The flexion torque (A) and extension torque (B) were recorded using each instrument.

https://doi.org/10.1371/journal.pone.0192687.g002

Study 2: Reference for trunk muscle torque and its relationship with aging

In study 2, the mean age of the participants was 53.2 ± 15.9 (range 18–89) years in males and 54.6 ± 15.0 (range 18–84) years in females, and there was no significant difference between genders. Based on the 10-day survey, one of 816 subjects (0.12%) had mild lumbar pain during the measurement, but the pain disappeared shortly without medical treatment. Also, there was no evident injury on any imaging studies.

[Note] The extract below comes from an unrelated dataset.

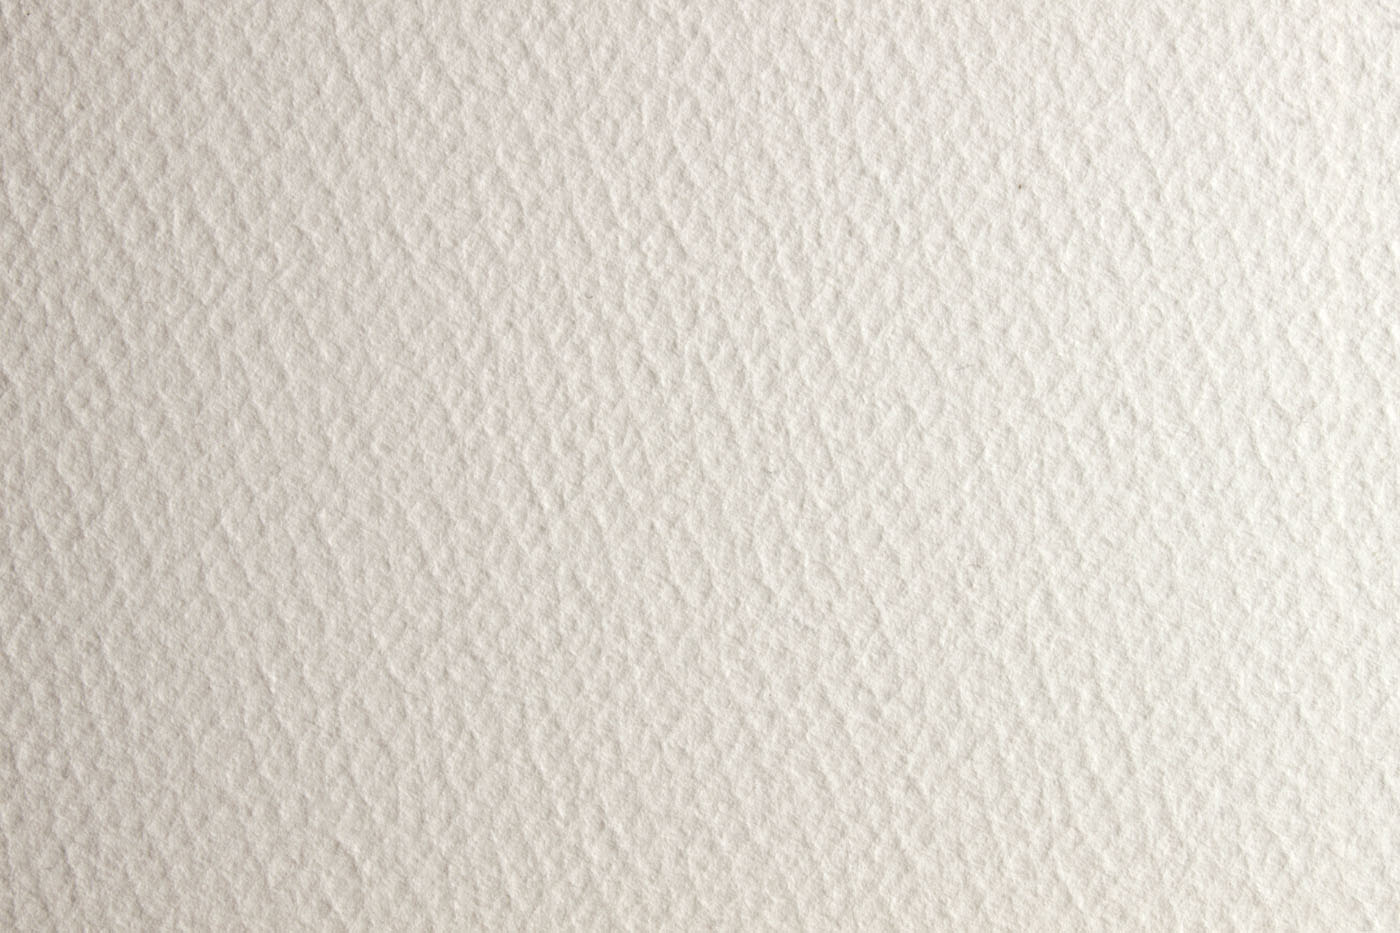 Бумага для акварели ARTISTICO TRADITIONAL WHITE 640г/кв.м 560х760мм grain fin (среднее зерно) хлопок 100% по 1 172.00 руб от Fabriano

Flexion and extension torque in males was 6.0 ±1.5 Nm/kg and 2.9 ±0.9 Nm/kg, respectively, and in females was 4.2 ±1.4 Nm/kg and 2.1 ±0.8 Nm/kg, respectively (Table 2). The young adult reference and the lower limit was derived from analysis of 96 young healthy males (Table 3). The young adult reference for flexion torque was 3.4 ±0.7 Nm/kg and the lower limit was 2.0 Nm/kg, while the reference for extension torque was 6.2 ±1.6 Nm/kg and the lower limit was 3.0 Nm/kg. In 113 young and healthy females, the young adult reference for flexion torque was 2.4 ±0.8 Nm/kg and the lower limit was 0.8 Nm/kg, while that of extension torque was 4.1 ±1.2 Nm/kg and the lower limit was 1.7 Nm/kg. The ratio of trunk sarcopenia under the lower limit in trunk muscle torque increased with aging, and a significant difference was observed after 60 years of age (Fig 3). Furthermore, the ratio of sarcopenia in flexion torque was higher than that of extension torque.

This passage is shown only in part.